§ **How to complete this task**
Among the entries that follow, the required portion opens with the line containing "Nike Fleece Tall" and closes with the line containing "Revisions of MITgcm/pkg/autodiff/tamc_keys.h". Give that portion again exactly, and nothing else.

::: Dataset records :::

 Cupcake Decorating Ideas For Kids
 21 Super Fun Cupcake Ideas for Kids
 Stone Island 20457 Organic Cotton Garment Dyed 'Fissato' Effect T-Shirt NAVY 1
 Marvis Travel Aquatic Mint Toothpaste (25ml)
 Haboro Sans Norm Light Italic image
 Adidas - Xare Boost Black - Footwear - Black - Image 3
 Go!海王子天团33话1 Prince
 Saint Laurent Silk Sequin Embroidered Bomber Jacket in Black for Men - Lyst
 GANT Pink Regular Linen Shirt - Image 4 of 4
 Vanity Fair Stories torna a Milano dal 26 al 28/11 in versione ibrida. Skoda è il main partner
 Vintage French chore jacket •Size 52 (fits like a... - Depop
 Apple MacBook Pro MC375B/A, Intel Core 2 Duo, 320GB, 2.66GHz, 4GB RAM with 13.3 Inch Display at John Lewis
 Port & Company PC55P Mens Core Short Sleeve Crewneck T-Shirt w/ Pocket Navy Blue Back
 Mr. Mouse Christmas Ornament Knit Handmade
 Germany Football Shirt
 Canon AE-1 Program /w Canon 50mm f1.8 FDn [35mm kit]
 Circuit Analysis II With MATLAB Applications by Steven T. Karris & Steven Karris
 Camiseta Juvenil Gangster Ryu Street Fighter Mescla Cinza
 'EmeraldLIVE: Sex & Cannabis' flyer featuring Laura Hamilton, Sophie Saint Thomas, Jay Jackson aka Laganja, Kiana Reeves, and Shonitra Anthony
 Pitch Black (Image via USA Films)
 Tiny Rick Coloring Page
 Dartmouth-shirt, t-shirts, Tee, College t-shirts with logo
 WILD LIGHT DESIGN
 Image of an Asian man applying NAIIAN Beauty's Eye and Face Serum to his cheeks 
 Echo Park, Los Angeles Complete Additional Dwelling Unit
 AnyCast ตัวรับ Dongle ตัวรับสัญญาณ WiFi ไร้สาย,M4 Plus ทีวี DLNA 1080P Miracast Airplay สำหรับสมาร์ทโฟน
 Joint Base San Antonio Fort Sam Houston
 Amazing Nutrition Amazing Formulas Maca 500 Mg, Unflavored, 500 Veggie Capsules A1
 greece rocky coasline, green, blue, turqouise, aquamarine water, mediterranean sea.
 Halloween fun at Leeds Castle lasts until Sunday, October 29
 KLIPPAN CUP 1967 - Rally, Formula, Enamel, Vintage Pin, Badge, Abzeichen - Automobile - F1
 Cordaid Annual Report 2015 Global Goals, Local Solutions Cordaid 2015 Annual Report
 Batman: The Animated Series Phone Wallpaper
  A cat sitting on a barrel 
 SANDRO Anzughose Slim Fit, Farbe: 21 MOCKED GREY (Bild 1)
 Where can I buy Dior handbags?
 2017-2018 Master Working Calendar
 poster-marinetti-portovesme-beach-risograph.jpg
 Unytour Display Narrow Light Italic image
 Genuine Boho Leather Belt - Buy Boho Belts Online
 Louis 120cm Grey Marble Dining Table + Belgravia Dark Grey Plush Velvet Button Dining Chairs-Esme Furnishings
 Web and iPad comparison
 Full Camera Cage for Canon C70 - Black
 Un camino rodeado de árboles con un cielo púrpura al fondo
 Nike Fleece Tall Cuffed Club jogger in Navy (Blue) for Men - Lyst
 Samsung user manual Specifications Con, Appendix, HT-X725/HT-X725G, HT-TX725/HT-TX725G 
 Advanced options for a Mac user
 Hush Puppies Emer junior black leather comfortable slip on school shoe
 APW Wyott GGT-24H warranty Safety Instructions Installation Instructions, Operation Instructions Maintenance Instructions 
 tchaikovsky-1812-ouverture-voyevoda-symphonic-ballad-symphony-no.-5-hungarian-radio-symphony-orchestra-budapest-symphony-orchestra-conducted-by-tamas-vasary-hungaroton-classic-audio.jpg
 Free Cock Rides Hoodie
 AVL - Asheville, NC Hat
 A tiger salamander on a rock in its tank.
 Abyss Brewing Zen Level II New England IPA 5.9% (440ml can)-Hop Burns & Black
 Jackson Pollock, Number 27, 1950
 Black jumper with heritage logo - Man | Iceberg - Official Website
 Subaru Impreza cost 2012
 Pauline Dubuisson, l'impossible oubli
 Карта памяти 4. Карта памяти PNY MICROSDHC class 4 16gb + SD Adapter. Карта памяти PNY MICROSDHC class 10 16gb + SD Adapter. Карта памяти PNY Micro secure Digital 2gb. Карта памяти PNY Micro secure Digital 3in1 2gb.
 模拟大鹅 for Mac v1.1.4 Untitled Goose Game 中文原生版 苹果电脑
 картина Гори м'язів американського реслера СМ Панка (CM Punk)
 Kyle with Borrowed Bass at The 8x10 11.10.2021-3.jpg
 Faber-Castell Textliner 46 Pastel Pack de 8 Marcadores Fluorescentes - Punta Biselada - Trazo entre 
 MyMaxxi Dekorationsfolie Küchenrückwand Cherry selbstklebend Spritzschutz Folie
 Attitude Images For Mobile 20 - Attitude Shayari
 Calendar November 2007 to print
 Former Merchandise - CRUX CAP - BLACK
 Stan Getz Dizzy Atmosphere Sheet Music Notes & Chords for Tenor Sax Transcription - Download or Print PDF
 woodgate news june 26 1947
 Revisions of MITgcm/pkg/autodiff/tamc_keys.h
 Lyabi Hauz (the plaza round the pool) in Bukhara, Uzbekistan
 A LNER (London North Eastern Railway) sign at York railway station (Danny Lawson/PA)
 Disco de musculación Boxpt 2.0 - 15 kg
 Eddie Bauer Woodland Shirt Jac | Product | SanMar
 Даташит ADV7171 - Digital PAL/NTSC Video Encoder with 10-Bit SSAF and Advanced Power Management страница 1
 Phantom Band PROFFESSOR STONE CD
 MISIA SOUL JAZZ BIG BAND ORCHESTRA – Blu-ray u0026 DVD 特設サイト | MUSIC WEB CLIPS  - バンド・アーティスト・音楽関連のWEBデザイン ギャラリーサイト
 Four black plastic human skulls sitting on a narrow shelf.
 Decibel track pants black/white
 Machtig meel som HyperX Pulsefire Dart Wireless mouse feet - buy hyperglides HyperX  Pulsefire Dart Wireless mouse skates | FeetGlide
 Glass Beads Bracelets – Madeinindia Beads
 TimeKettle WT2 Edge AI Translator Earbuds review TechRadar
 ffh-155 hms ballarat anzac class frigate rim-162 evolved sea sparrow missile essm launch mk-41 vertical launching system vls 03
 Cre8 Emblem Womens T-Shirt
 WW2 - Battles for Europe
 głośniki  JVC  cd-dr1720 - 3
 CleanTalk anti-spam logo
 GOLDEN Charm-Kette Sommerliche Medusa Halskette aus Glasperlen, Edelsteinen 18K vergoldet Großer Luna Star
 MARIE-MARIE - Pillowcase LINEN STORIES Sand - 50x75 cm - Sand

:::

§ **Solution**
 Nike Fleece Tall Cuffed Club jogger in Navy (Blue) for Men - Lyst
 Samsung user manual Specifications Con, Appendix, HT-X725/HT-X725G, HT-TX725/HT-TX725G 
 Advanced options for a Mac user
 Hush Puppies Emer junior black leather comfortable slip on school shoe
 APW Wyott GGT-24H warranty Safety Instructions Installation Instructions, Operation Instructions Maintenance Instructions 
 tchaikovsky-1812-ouverture-voyevoda-symphonic-ballad-symphony-no.-5-hungarian-radio-symphony-orchestra-budapest-symphony-orchestra-conducted-by-tamas-vasary-hungaroton-classic-audio.jpg
 Free Cock Rides Hoodie
 AVL - Asheville, NC Hat
 A tiger salamander on a rock in its tank.
 Abyss Brewing Zen Level II New England IPA 5.9% (440ml can)-Hop Burns & Black
 Jackson Pollock, Number 27, 1950
 Black jumper with heritage logo - Man | Iceberg - Official Website
 Subaru Impreza cost 2012
 Pauline Dubuisson, l'impossible oubli
 Карта памяти 4. Карта памяти PNY MICROSDHC class 4 16gb + SD Adapter. Карта памяти PNY MICROSDHC class 10 16gb + SD Adapter. Карта памяти PNY Micro secure Digital 2gb. Карта памяти PNY Micro secure Digital 3in1 2gb.
 模拟大鹅 for Mac v1.1.4 Untitled Goose Game 中文原生版 苹果电脑
 картина Гори м'язів американського реслера СМ Панка (CM Punk)
 Kyle with Borrowed Bass at The 8x10 11.10.2021-3.jpg
 Faber-Castell Textliner 46 Pastel Pack de 8 Marcadores Fluorescentes - Punta Biselada - Trazo entre 
 MyMaxxi Dekorationsfolie Küchenrückwand Cherry selbstklebend Spritzschutz Folie
 Attitude Images For Mobile 20 - Attitude Shayari
 Calendar November 2007 to print
 Former Merchandise - CRUX CAP - BLACK
 Stan Getz Dizzy Atmosphere Sheet Music Notes & Chords for Tenor Sax Transcription - Download or Print PDF
 woodgate news june 26 1947
 Revisions of MITgcm/pkg/autodiff/tamc_keys.h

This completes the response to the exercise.